Imunisasi merupakan suatu program yang dengan sengaja memasukkan
antigen lemah agar merangsang antibodi keluar sehingga tubuh dapat resisten
terhadap penyakit tertentu. Sistem imun tubuh mempunyai suatu sistem memori
(daya ingat), ketika vaksin masuk kedalam tubuh, maka akan dibentuk antibodi
untuk melawan vaksin tersebut dan sistem memori akan menyimpannya sebagai
suatu pengalaman. Jika nantinya tubuh terpapar dua atau tiga kali oleh antigen
yang sama dengan vaksin maka antibodi akan tercipta lebih kuat dari vaksin yang
pernah dihadapi sebelumnya (Atikah, 2021).

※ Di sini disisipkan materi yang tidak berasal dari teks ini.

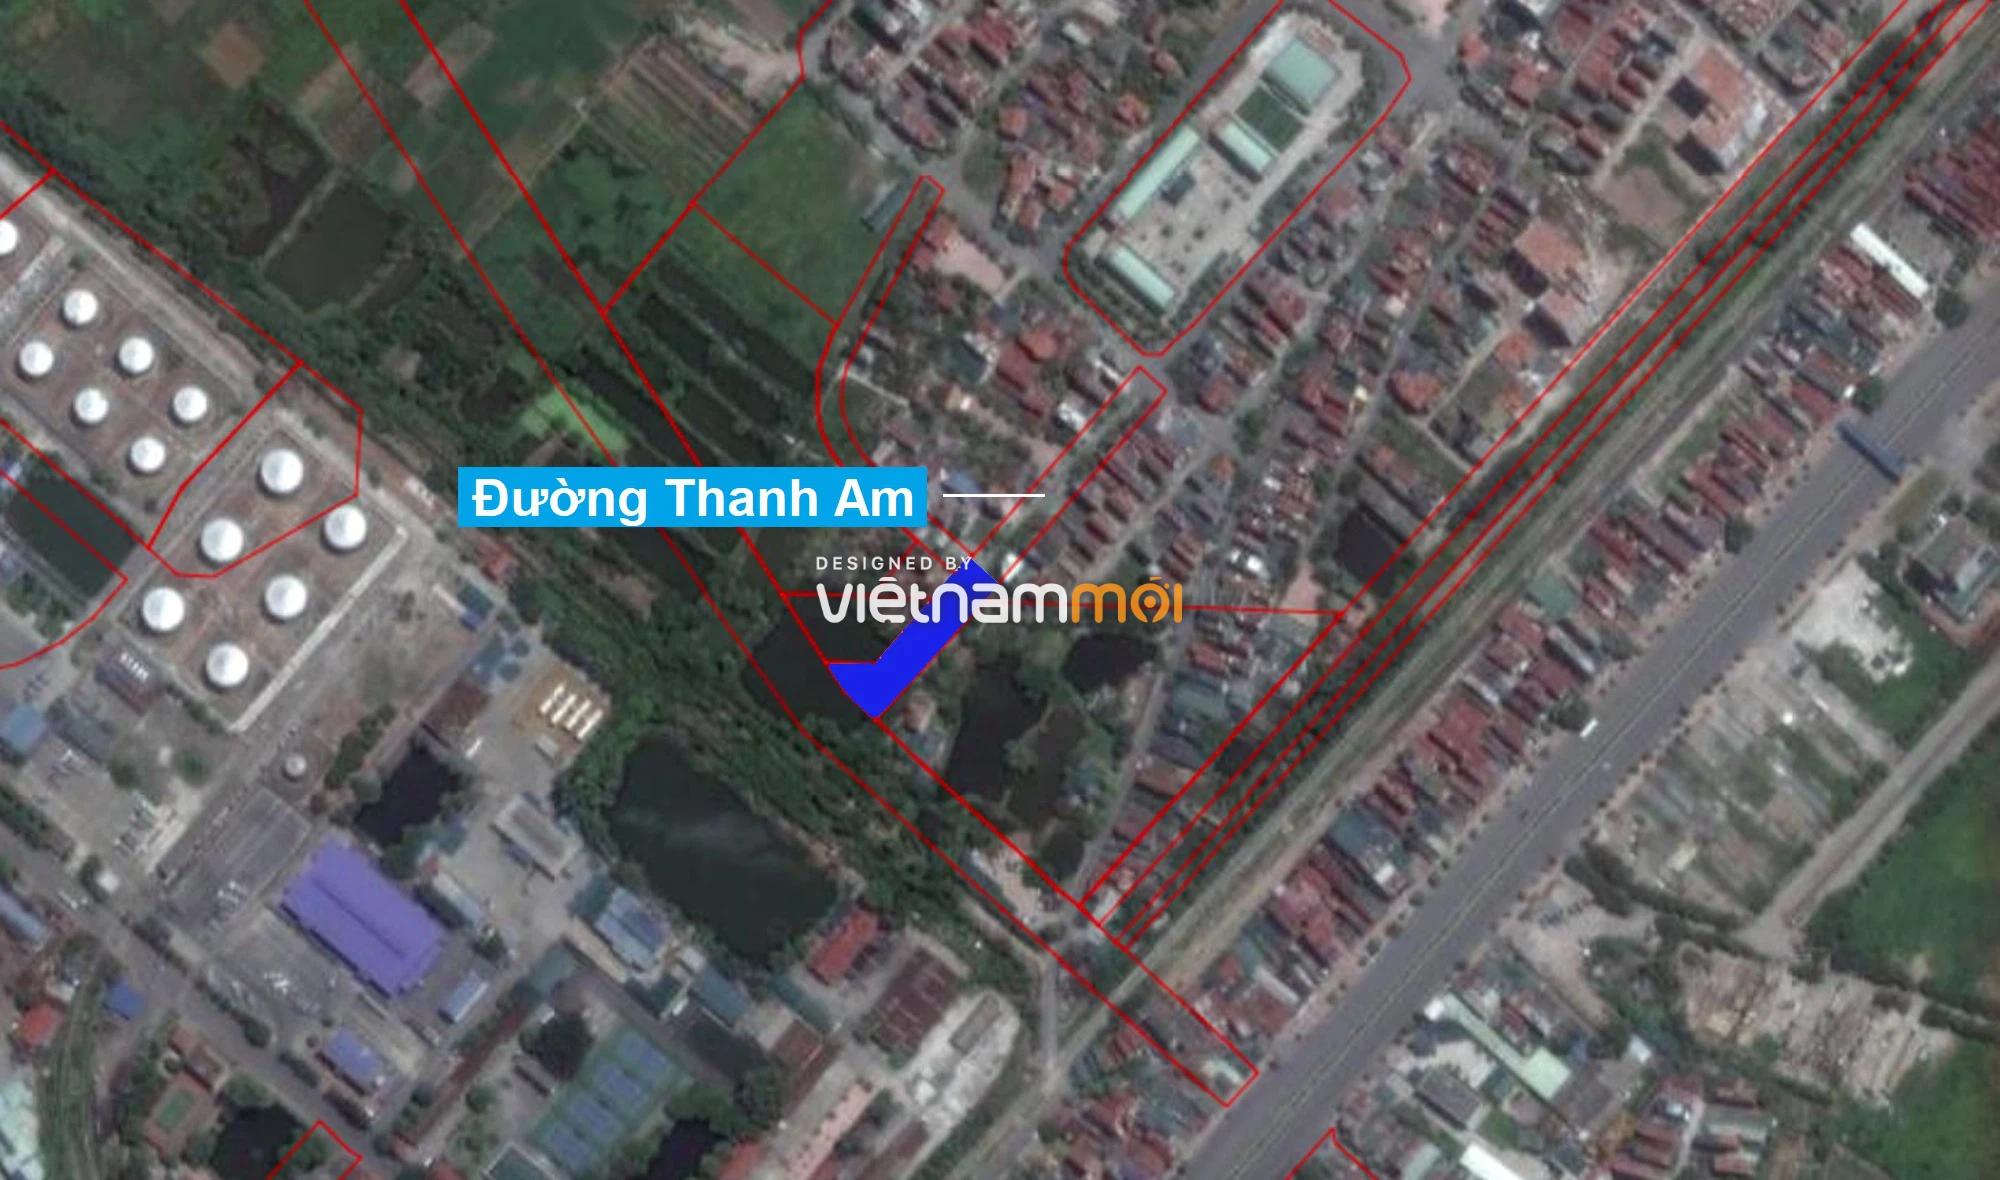 Những khu đất sắp thu hồi để mở đường ở phường Thượng Thanh, Long Biên, Hà Nội (phần 4) - Ảnh 17.

Imunisasi merupakan salah satu cara yang efektif untuk mencegah
penularan penyakit dan upaya menurunkan angka kesakitan dan kematian pada
bayi dan balita (Mardianti & Farida, 2020).
Dari beberapa definisi di atas maka penulis menyimpulkan definisi
imunisasi adalah tindakan yang dengan sengaja memberikan antigen atau bakteri
dari suatu patogen yang akan menstimulasi sistem imun dan menimbulkan
kekebalan, sehingga hanya mengalami gejala ringan apabila terpapar dengan
penyakit tersebut.
1.2.2 Manfaat Imunisasi
Manfaat imunisasi tidak bisa langsung dirasakan atau tidak langsung
terlihat. Manfaat imunisasi yang sebenarnya adalah menurunkan angka kejadian
penyakit, kecacatan maupun kematian akibat penyakit-penyakit yang dapat
dicegah dengan imunisasi. Imunisasi tidak hanya dapat memberikan perlindungan
kepada individu namun juga dapat memberikan perlindungan kepada populasi
Imunisasi adalah paradigma sehat dalam upaya pencegahan yang paling efektif
(Mardianti & Farida, 2020).
Imunisasi merupakan investasi kesehatan untuk masa depan karena dapat
memberikan perlindungan terhadap penyakit infeksi, dengan adanya imunisasi
dapat memberikan perlindunga kepada indivudu dan mencegah seseorang jatuh
sakit dan membutuhkan biaya yang lebih mahal.
1.2.3 Klasifikasi
Imunisasi yang merupakan rekomendasi IDAI Tahun 2020 antara lain:
a. Vaksin Hepatitis B
Vaksin Hepatitis B monovalen paling baik diberikan kepada bayi segera
setelah lahir sebelum berumur 24 jam, didahului penyuntikan vitamin K1
minimal 30 menit sebelumnya. Bayi lahir dari ibu HBsAg positif, segera
berikan vaksin HB dan immunoglobulin hepatitis B (HBIg) pada ekstrimitas
yang berbeda, maksimal dalam 7 hari setelah lahir. Imunisasi HB selanjutnya
diberikan bersama DTwP atau DTaP (IDAI, 2020).
b. Vaksin polio
Vaksin Polio 0 sebaiknya diberikan segera setelah lahir. Apabila lahir di
fasilitas kesehatan diberikan bOPV-0 saat bayi pulang atau pada kunjungan
pertama. Selanjutnya berikan bOPV atau IPV bersama DTwP atau DTaP.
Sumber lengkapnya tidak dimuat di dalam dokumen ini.